> WHAT YOU WILL DO: Where a line in the records below includes "Stock", pull that line out.
LISTED ENTRIES: Begin
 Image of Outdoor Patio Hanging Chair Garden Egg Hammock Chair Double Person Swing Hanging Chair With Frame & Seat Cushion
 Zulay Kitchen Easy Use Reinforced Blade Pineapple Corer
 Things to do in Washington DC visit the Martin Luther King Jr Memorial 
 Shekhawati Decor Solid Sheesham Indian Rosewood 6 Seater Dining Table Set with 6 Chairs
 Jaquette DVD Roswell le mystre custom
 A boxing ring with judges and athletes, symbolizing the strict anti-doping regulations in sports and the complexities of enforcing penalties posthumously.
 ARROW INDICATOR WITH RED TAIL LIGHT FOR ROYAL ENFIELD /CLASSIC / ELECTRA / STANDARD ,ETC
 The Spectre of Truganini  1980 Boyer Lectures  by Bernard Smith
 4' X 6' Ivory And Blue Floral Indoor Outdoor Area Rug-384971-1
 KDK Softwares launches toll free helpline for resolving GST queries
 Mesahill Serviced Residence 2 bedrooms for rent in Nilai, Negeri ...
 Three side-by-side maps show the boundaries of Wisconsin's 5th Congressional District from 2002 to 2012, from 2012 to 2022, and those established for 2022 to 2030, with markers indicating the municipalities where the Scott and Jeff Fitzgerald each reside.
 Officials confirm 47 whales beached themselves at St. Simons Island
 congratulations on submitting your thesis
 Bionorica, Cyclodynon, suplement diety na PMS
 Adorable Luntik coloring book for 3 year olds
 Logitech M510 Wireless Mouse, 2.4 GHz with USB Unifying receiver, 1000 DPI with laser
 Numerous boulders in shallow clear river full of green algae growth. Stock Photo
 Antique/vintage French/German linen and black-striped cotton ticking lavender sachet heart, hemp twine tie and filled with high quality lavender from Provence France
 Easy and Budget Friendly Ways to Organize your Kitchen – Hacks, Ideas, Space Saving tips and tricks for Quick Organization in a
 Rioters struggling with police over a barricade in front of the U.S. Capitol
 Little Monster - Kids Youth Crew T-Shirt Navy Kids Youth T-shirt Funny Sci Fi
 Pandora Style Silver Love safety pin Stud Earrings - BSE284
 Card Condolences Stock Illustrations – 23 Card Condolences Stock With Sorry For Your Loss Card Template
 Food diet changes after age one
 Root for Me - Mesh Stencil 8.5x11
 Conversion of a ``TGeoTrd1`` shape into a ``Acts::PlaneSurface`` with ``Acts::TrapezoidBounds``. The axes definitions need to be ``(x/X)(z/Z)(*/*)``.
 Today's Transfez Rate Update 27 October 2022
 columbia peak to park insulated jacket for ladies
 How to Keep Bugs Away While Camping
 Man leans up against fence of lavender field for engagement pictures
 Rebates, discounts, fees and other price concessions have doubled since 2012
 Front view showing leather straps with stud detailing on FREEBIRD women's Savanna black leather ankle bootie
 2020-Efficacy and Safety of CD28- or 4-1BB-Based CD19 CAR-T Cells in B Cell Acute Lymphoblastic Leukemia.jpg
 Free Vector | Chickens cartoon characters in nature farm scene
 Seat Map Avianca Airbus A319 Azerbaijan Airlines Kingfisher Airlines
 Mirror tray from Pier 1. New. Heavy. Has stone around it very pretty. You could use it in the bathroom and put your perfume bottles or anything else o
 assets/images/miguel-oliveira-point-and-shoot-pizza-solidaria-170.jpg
LISTED ENTRIES: End
> RESULT OF THE EXERCISE:
 Numerous boulders in shallow clear river full of green algae growth. Stock Photo
 Card Condolences Stock Illustrations – 23 Card Condolences Stock With Sorry For Your Loss Card Template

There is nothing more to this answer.